The following article has been re-posted, as-is, from the now defunct SubjectiveMachine blog. First published Oct 9, 2011.
Here are the beginnings of a (slightly) more principled look at how my prototype implementation of a scale-independent “frequency” transform, called PWT, differs from the standard windowed approach, called STFT.
Below are frequency analyses of a synthesized signal using both techniques. The signal consists of three successive waves: a simple sine wave, a sawtooth wave, and a square wave. Each wave descends logarithmically in pitch from 10,000 hz to 10 hz over the course of half a second or so. The sample rate is 44,100 hz. For STFT, I’ve generated output using a range of window (block) sizes: 128 samples, 512, and 2048 samples. For PWT there is no window parameter, so only one output is given.

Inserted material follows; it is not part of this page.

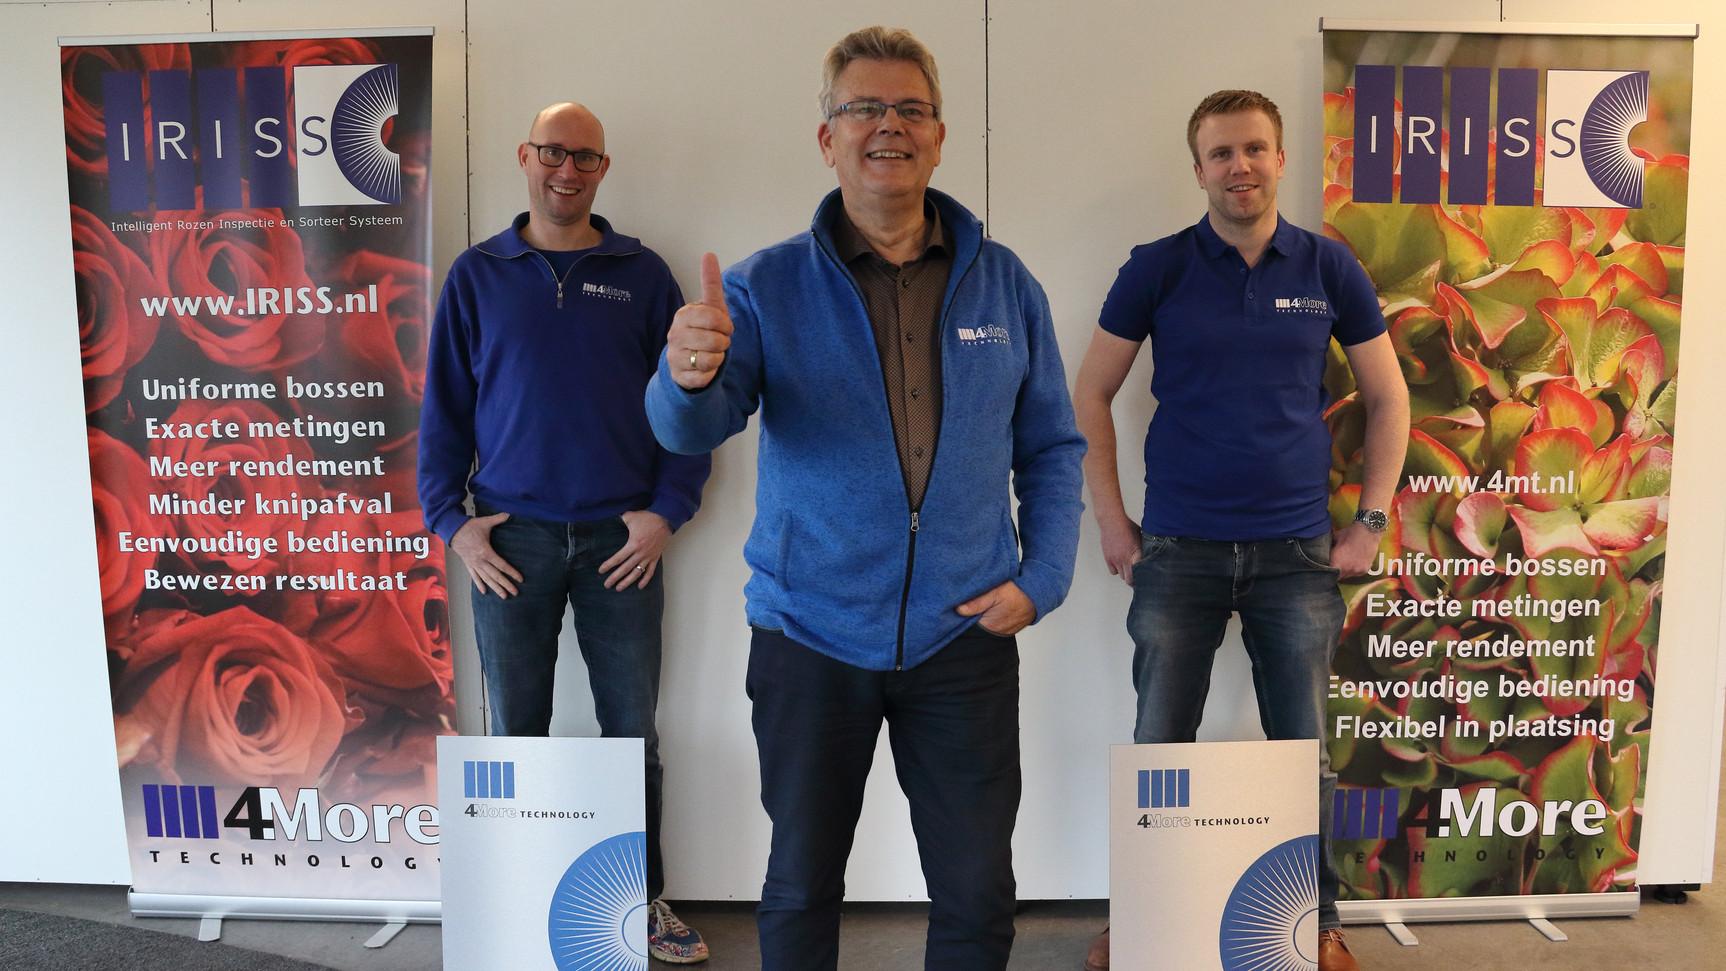 Tim van der Elst, Operations Manager Kees Bukman, Oprichter Wouter Vreugdenhil, Algemeen directeur

Below are the same outputs on a logarithmic scale, to give a slightly different view.
One of the most notable features in these plots is the lack of harmonics present in the PWT analysis of the sawtooth wave. This is because PWT does not analyse the signal in terms of constituent sine waves. Rather, it is looking for periodic signals in a more general sense, and in this sense there is little difference between the two waveforms (note that the square wave is slightly harder to deal with in this respect and this is one of the things I am looking at addressing).
This property of PWT might make it particularly useful for identifying tonal content in music, or formants in human speech (see the plot in the previous post), in a way that is robust to the more subtle timbral variations between different speakers and instruments. Maybe 🙂
Notice also that the frequency appears to be identified much more precisely and consistently with PWT (with the debatable exceptions of the square wave and the very high frequencies). In contrast, the precision of STFT is at its best where the window size is matched to the wavelength (i.e. large window sizes give more precise results for low frequencies and vice-versa), although moderate “bleeding” is present in all of the examples given here.